DATA SHOWN |
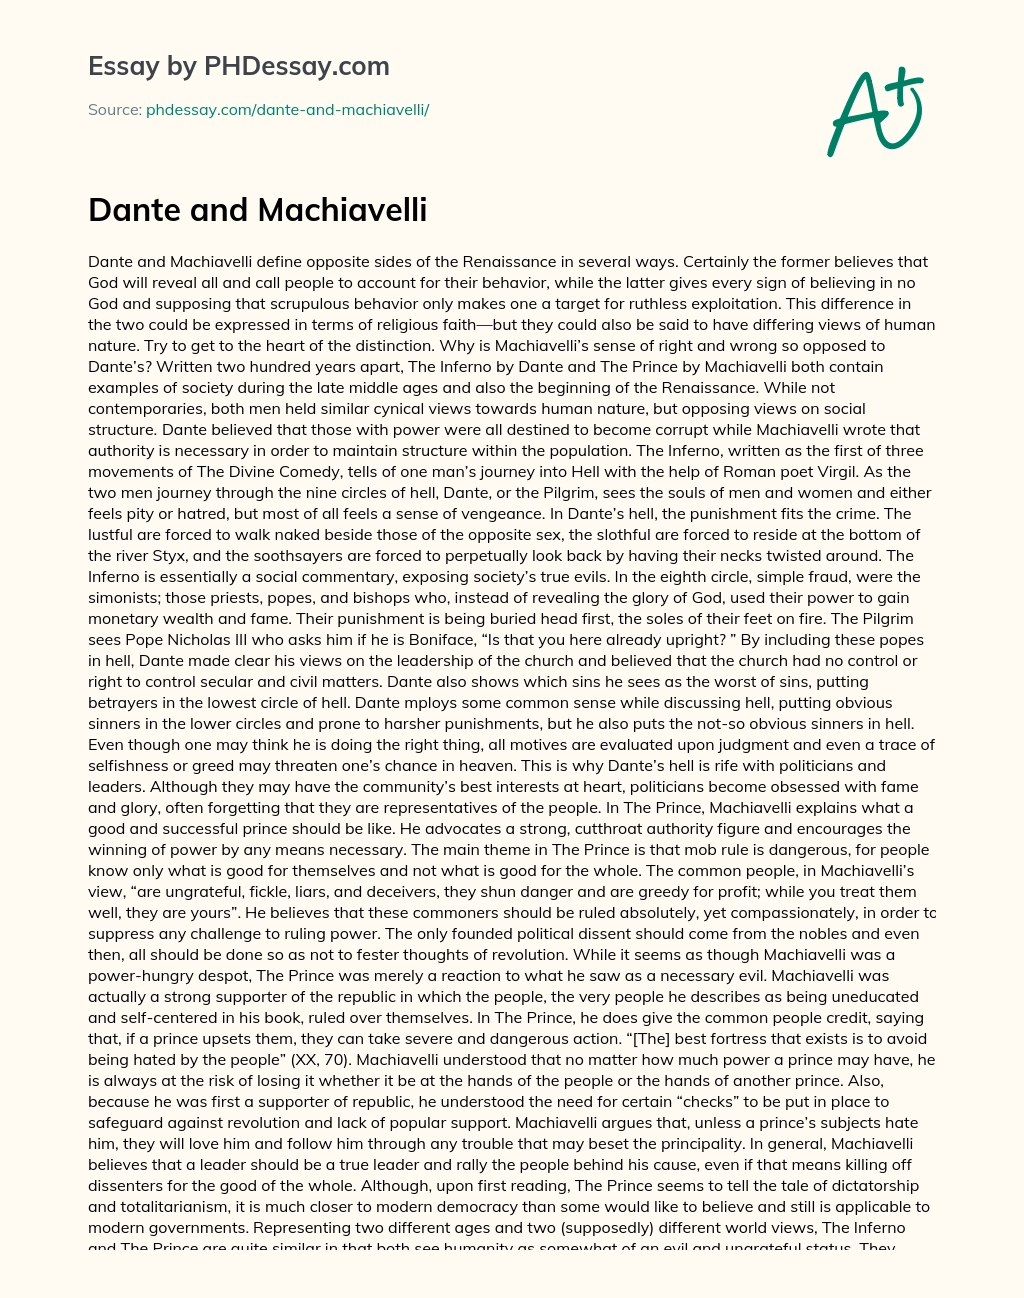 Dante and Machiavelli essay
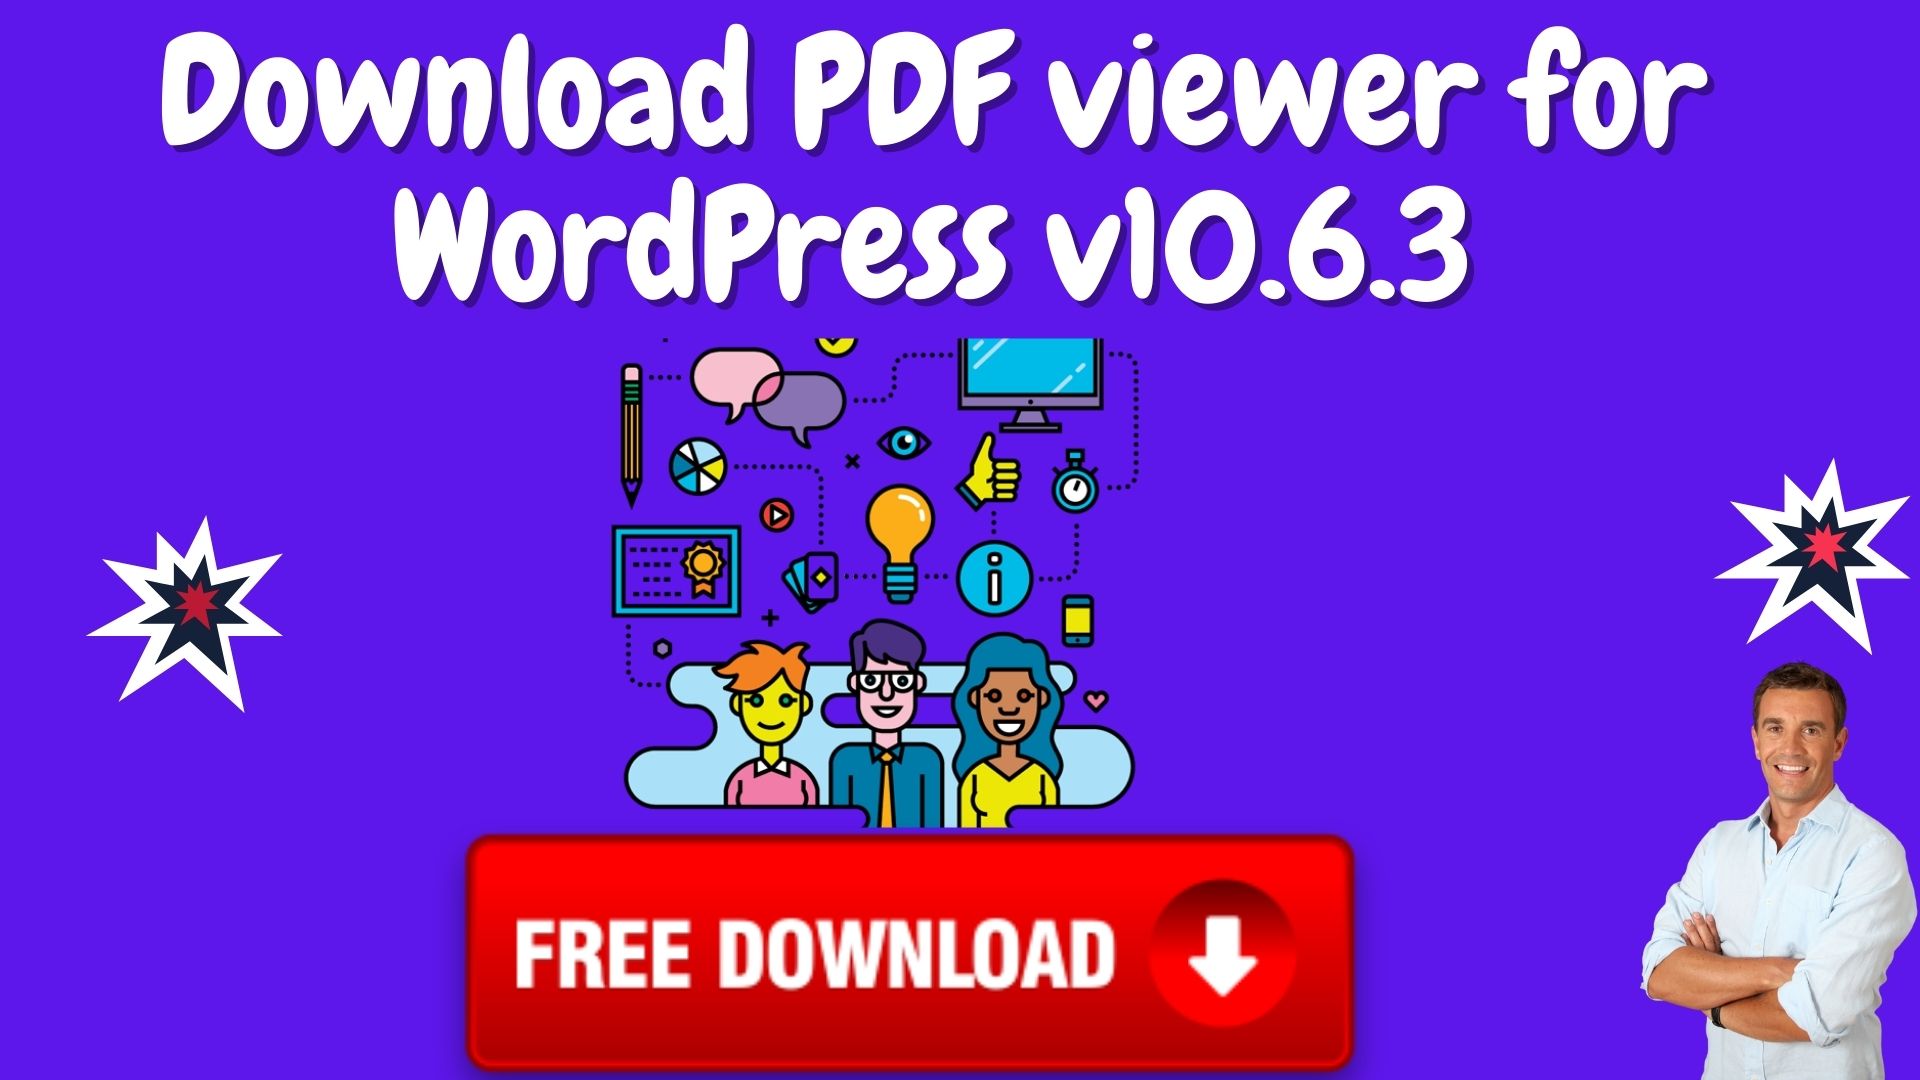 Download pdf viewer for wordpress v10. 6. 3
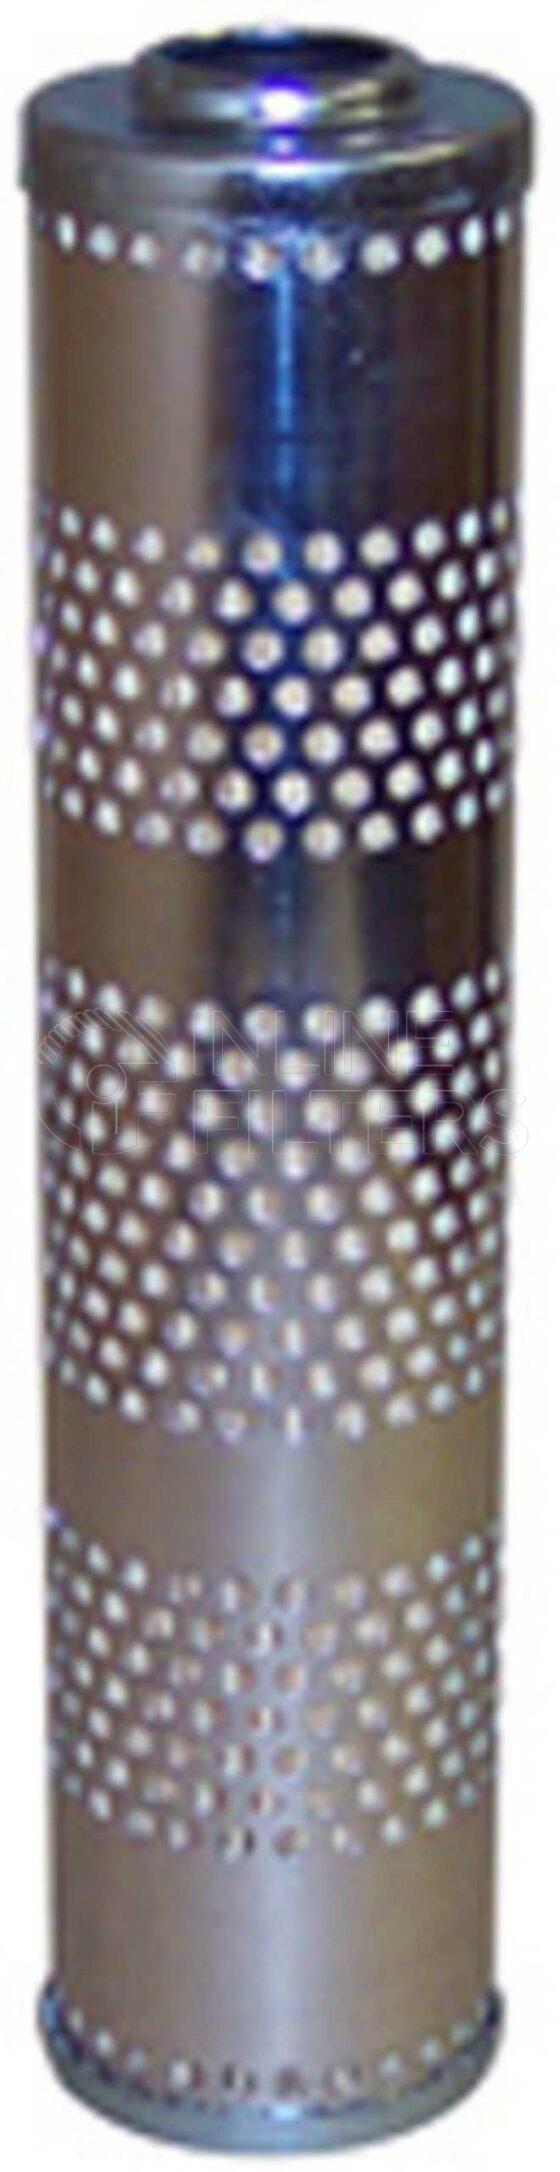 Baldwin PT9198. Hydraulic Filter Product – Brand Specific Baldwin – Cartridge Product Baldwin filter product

REQUIRED WORK |
Repeat the material exactly. Any picture in it should be dropped.

REPLY |
 Dante and Machiavelli essay
 Download pdf viewer for wordpress v10. 6. 3
 Baldwin PT9198. Hydraulic Filter Product – Brand Specific Baldwin – Cartridge Product Baldwin filter product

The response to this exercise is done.